--- MATERIAL SUPPLIED ---
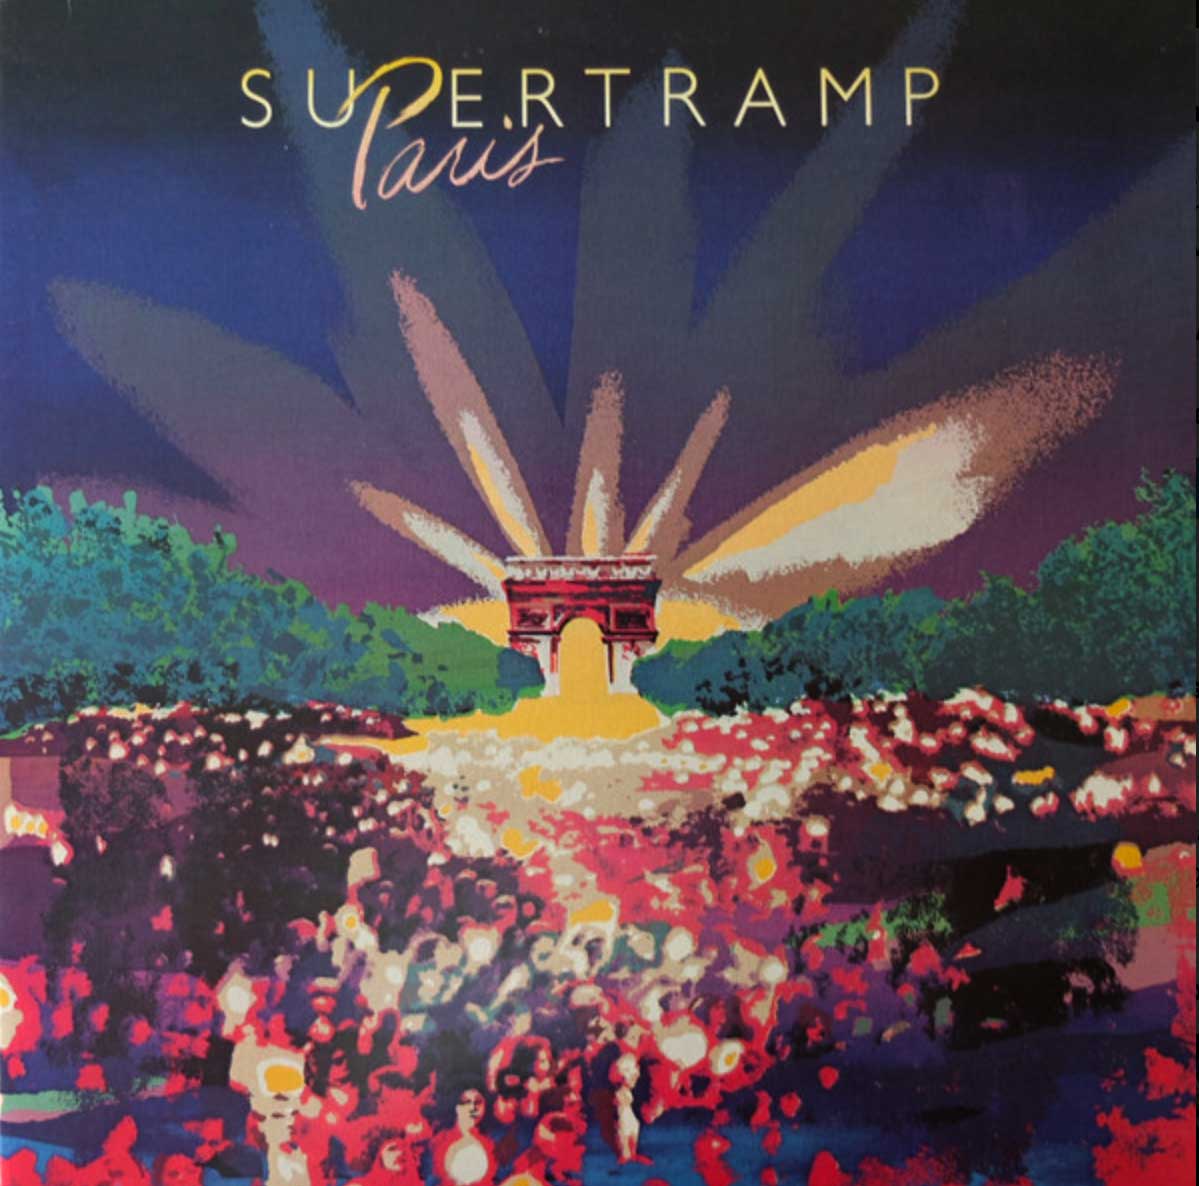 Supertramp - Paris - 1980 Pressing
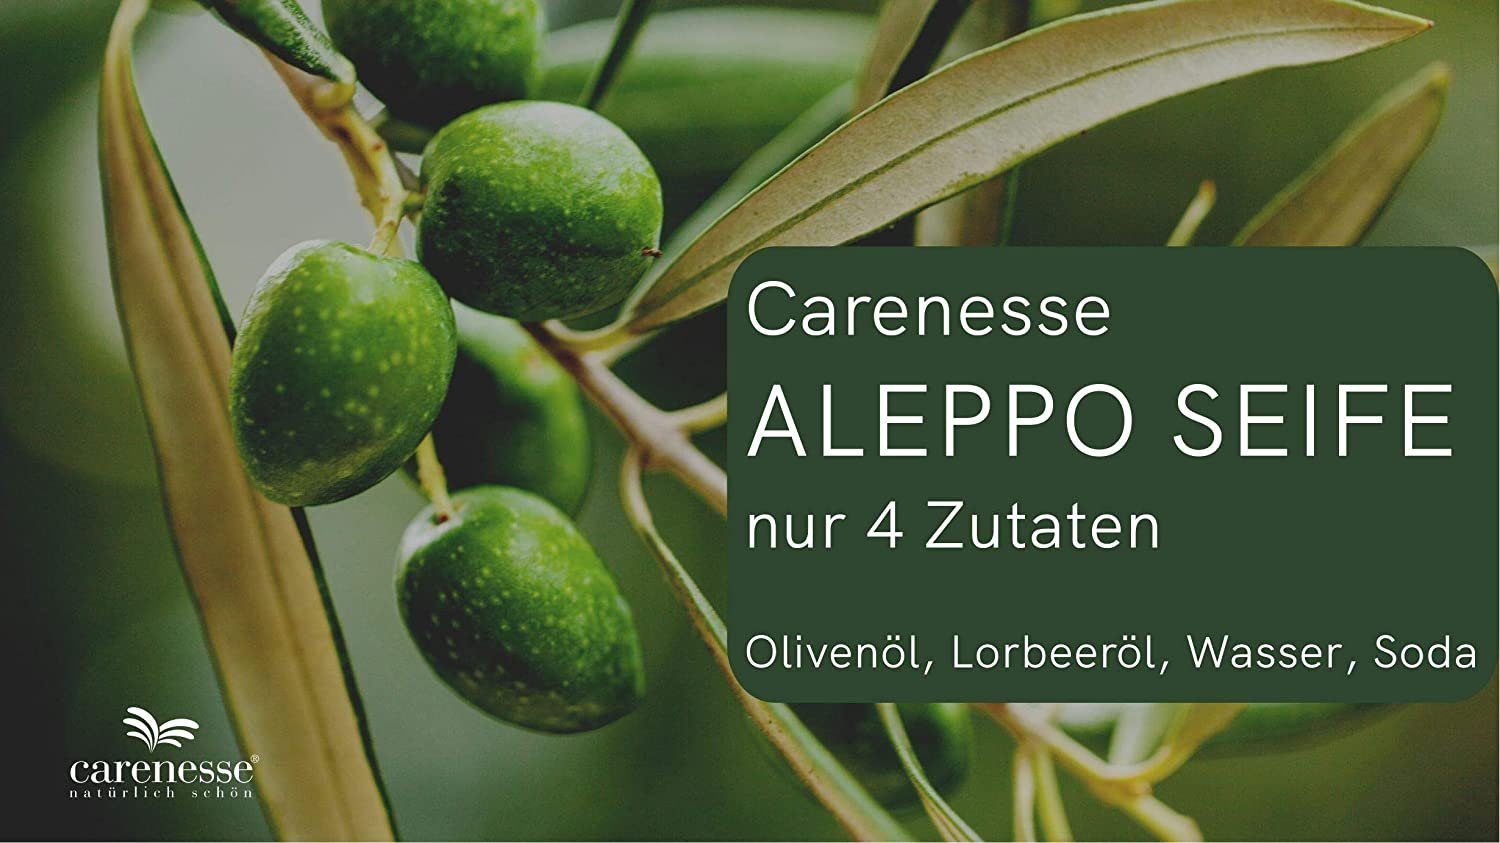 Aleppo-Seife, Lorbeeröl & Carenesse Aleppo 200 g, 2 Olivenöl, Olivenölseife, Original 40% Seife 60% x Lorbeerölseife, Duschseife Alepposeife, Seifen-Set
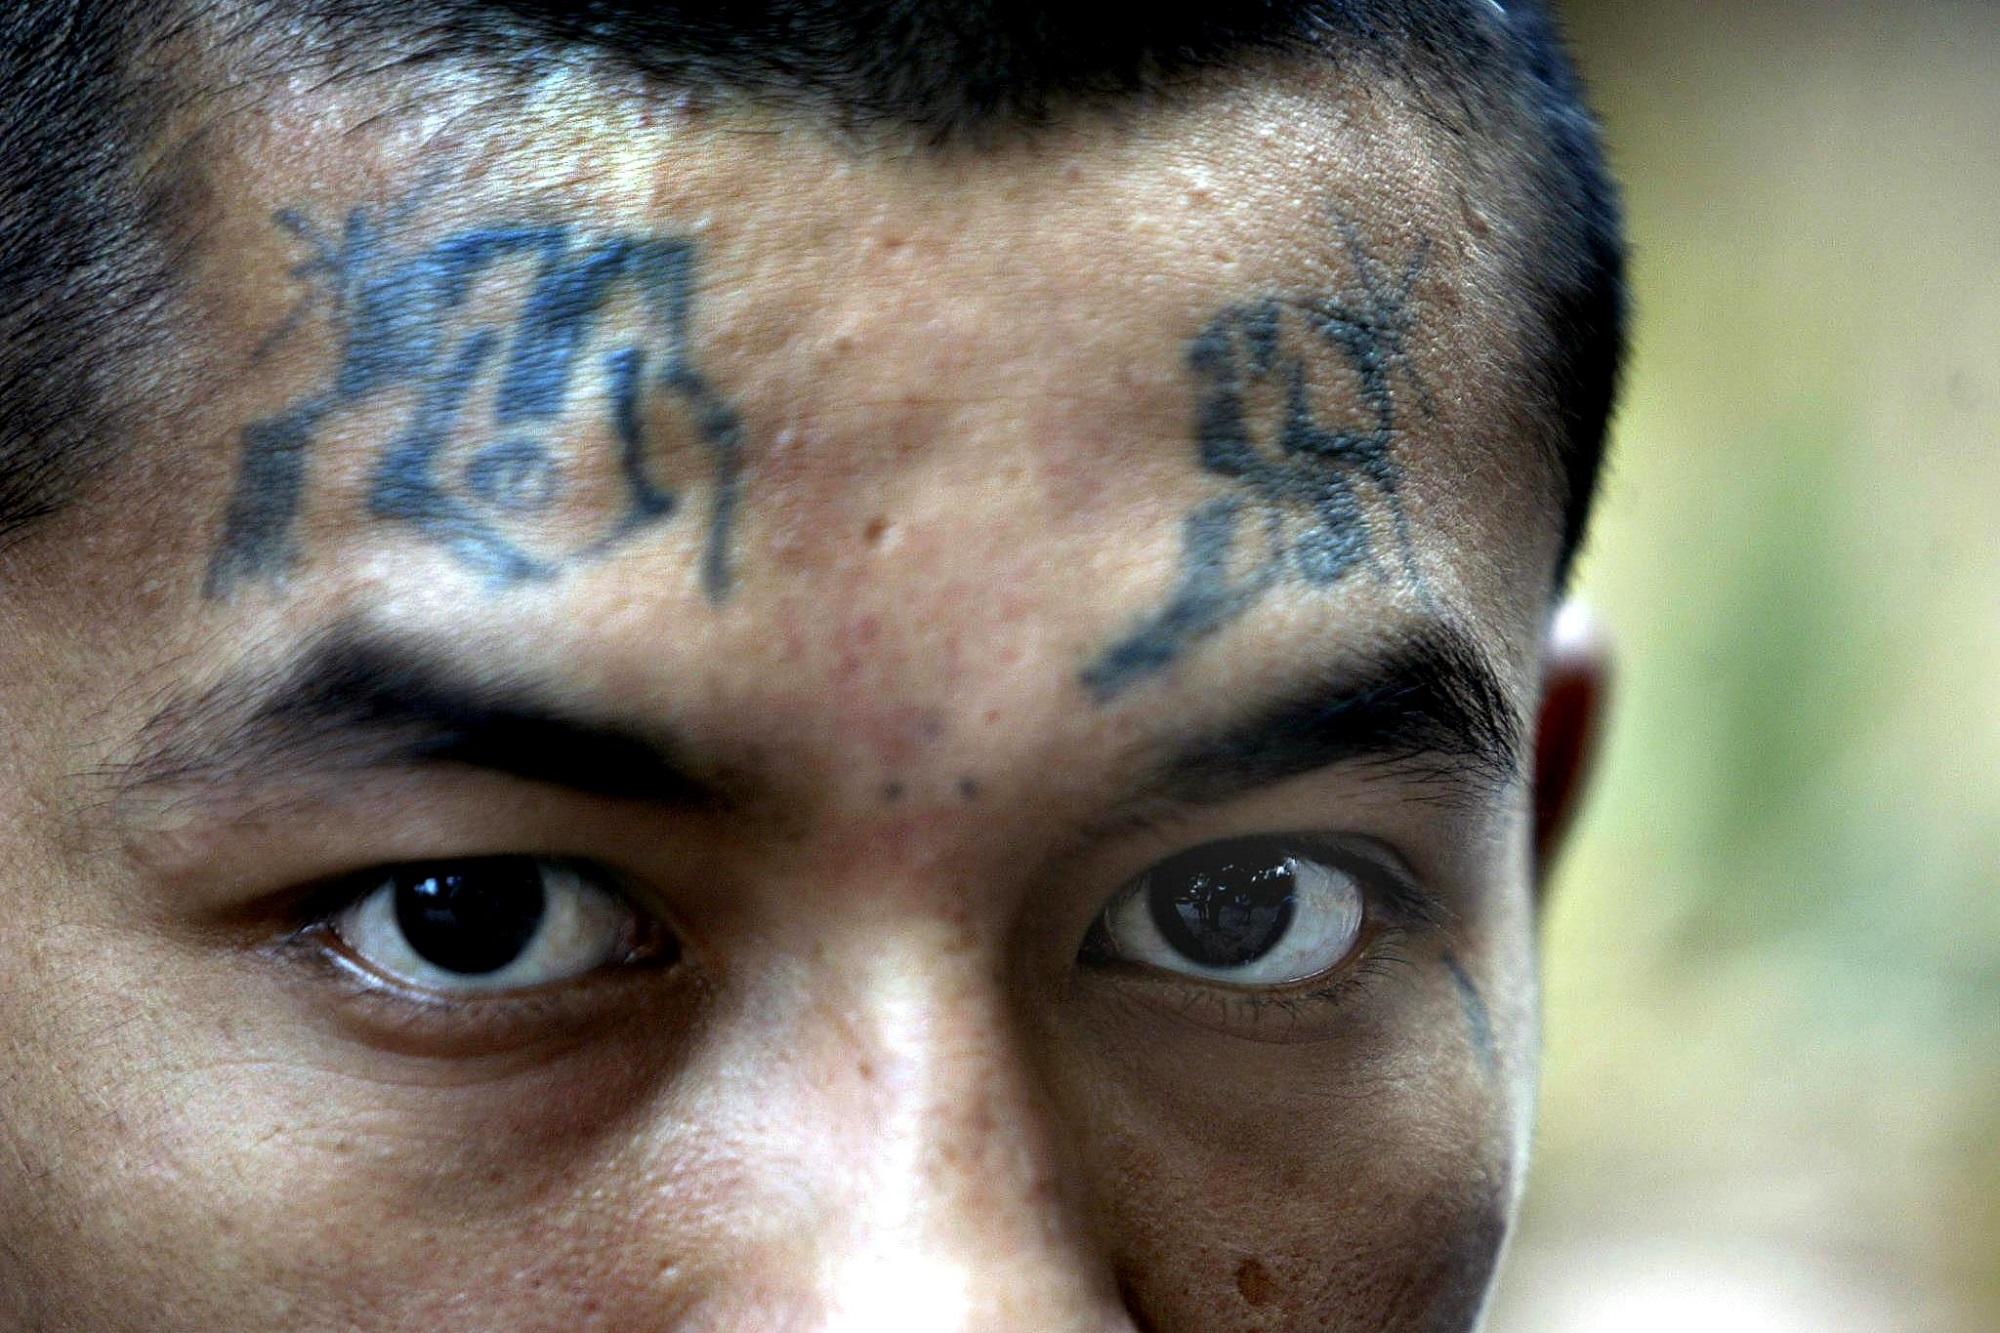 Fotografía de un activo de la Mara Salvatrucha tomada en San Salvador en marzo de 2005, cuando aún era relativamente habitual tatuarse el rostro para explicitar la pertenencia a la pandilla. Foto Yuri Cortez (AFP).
---
--- MATERIAL SUPPLIED ---
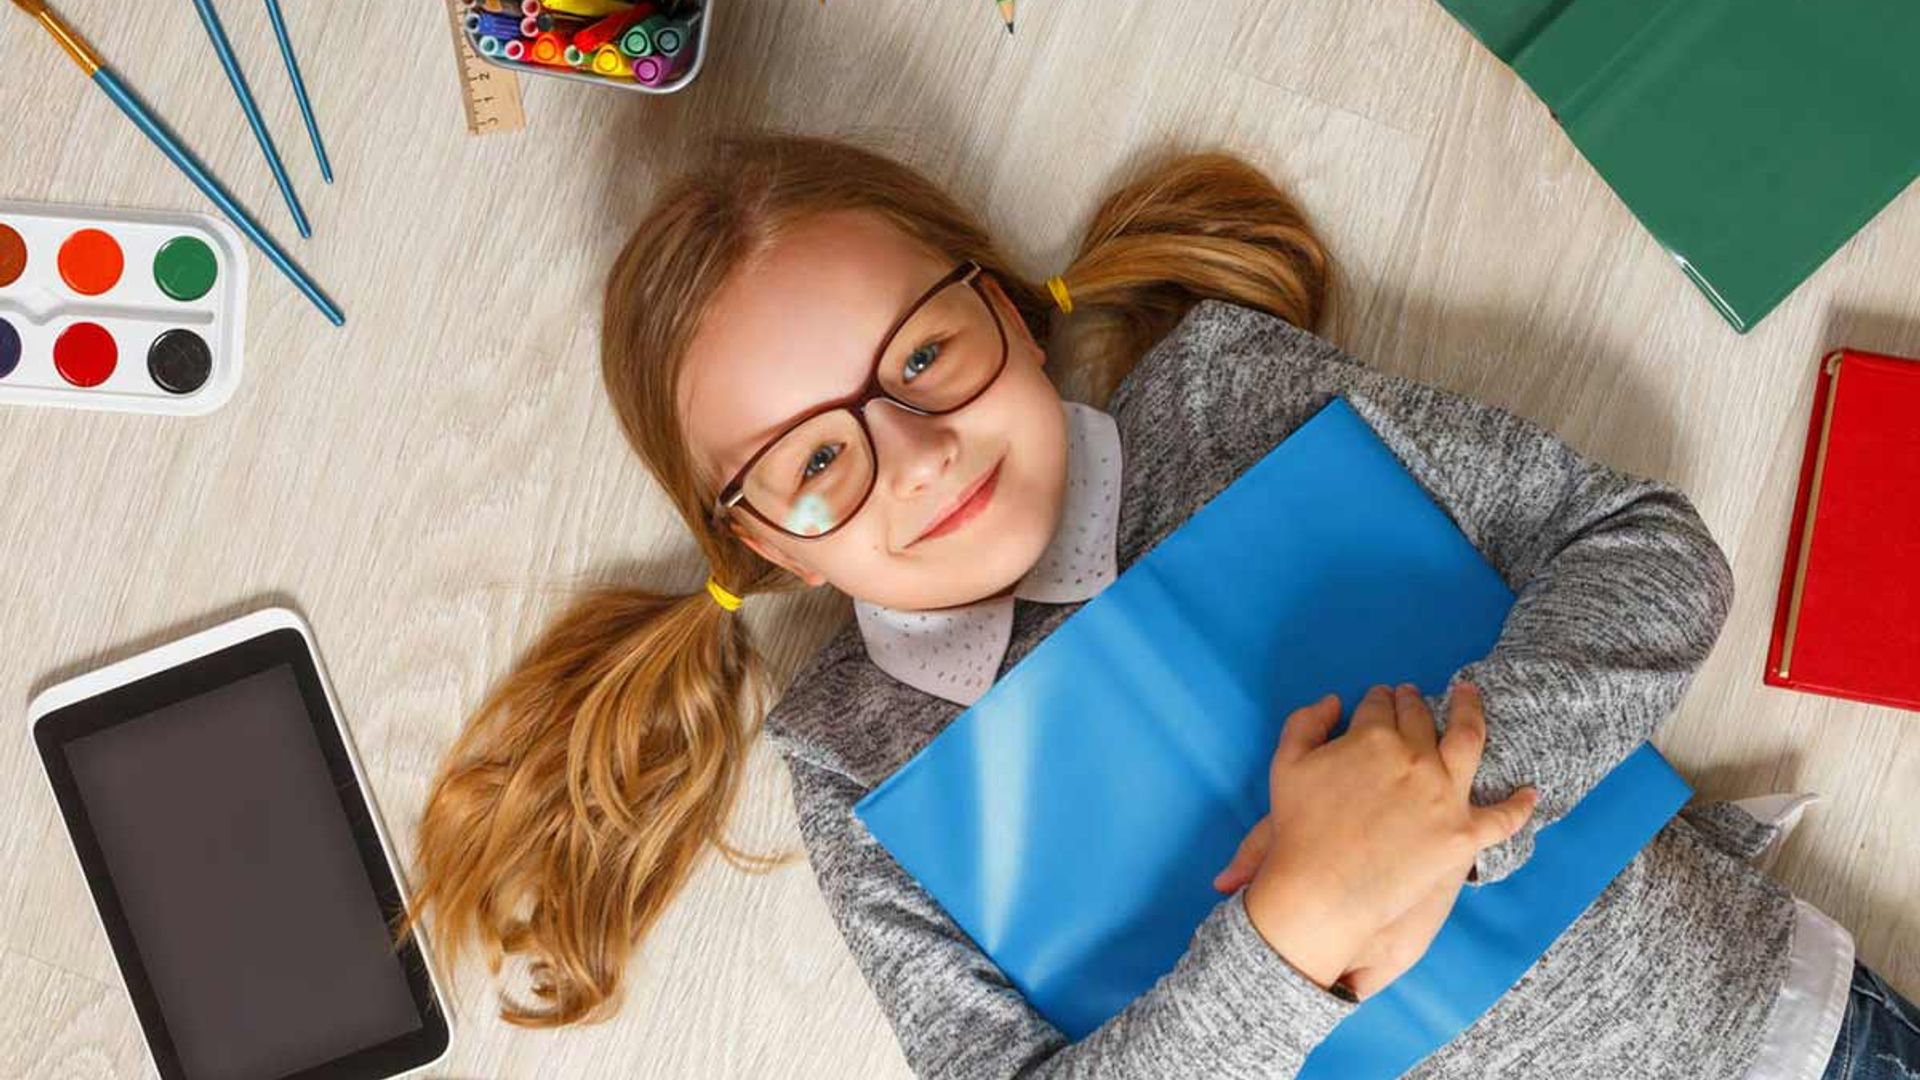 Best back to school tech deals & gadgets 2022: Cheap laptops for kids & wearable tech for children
---
--- TASK BRIEF ---
Set down exactly the lines above, from the line containing "Aleppo-Seife, Lorbeeröl &" through the line containing "Fotografía de un". Skip the pictures.

--- EXERCISE SOLUTION ---
 Aleppo-Seife, Lorbeeröl & Carenesse Aleppo 200 g, 2 Olivenöl, Olivenölseife, Original 40% Seife 60% x Lorbeerölseife, Duschseife Alepposeife, Seifen-Set
 Fotografía de un activo de la Mara Salvatrucha tomada en San Salvador en marzo de 2005, cuando aún era relativamente habitual tatuarse el rostro para explicitar la pertenencia a la pandilla. Foto Yuri Cortez (AFP).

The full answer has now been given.